In effect, it would move beyond logic statements and into complex machine learning.

It was a bold, forward thinking paper—perhaps a little too forward thinking. No computer hardware at the time could handle such complex operations.

Nilsson also points to the 1986 publication of Parallel distributed processing: explorations in the microstructure of cognition by David E. Rumelhart of the University of California at San Diego and James L. McClelland of Carnegie Mellon University. It improved on the work of Werbos by showing one of the best modern maps of the human neural network, creating the best-ever map of the brain.
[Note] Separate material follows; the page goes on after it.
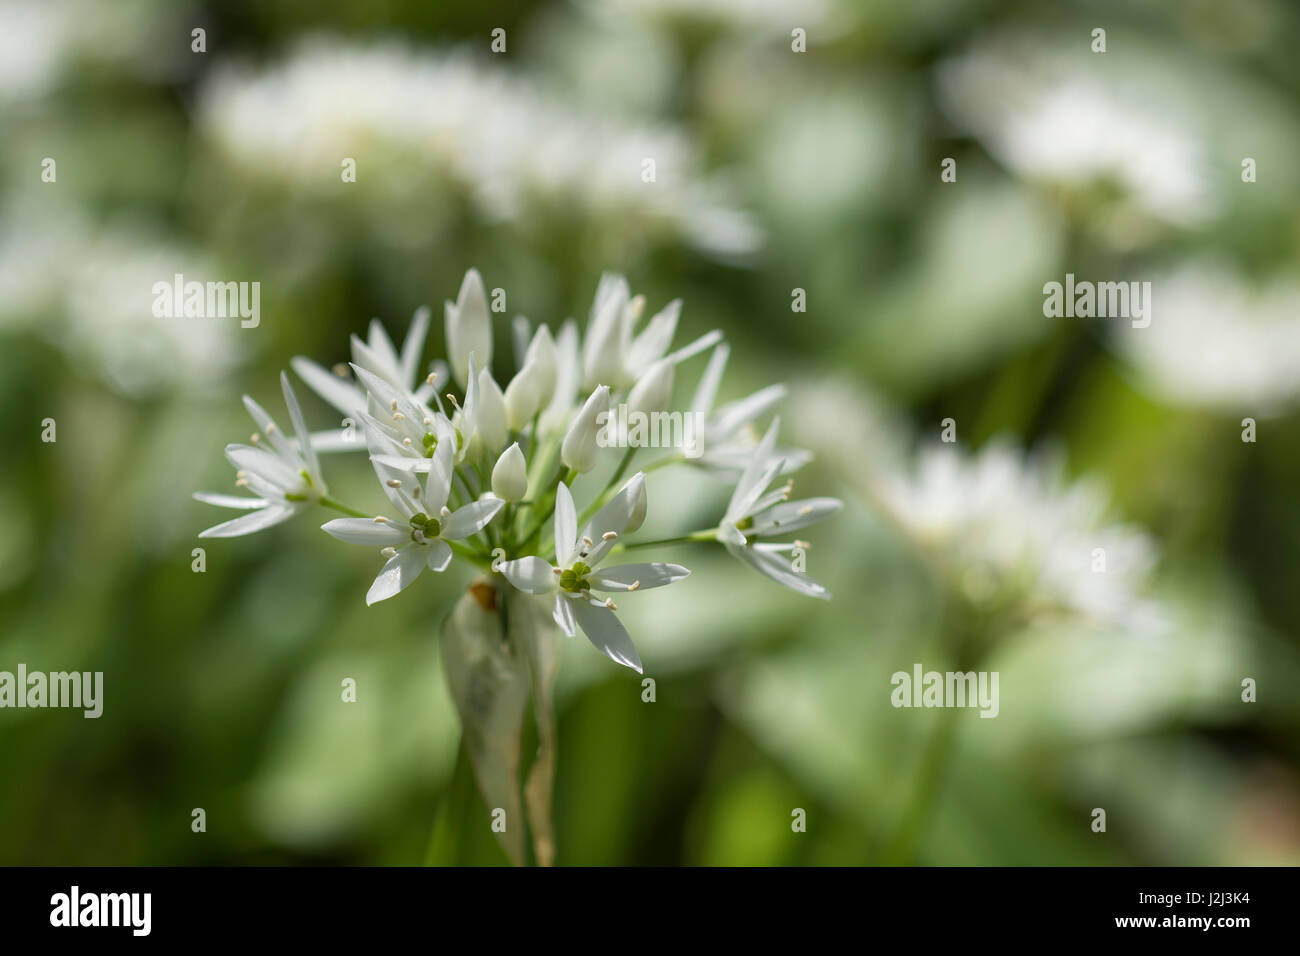 Gros plan de fleurs de l'ail sauvage appelée Ramsons / Allium ursinum. Un subst. de l'ail en cuisine et métaphore de la quête d'aliments sauvages au printemps Banque D'Images

This map also helped refine Werbo’s ideas, showing how neurons worked in the brain, and how you could apply this to artificial neural nets. You could work around the inability to understand neutral functions by having other connected neural nets work out a more refined “neutral” answer. It just needed a kick from a couple areas: “great advances in computer power and large databases that allowed ‘deep learning,’” as Nilsson said. Those advances in computing have arrived. Today, researchers have the processing power and access to troves of data stored in “the cloud” to teach algorithms new functions.

ADALINE and its primitive cousins may have faded from public perception as machine learning has come into its own over the past decade. But this revolution, decades in the making, wasn’t hampered by these neural networks. Instead, they were somehow both too primitive and too advanced for their time, but their time has certainly come.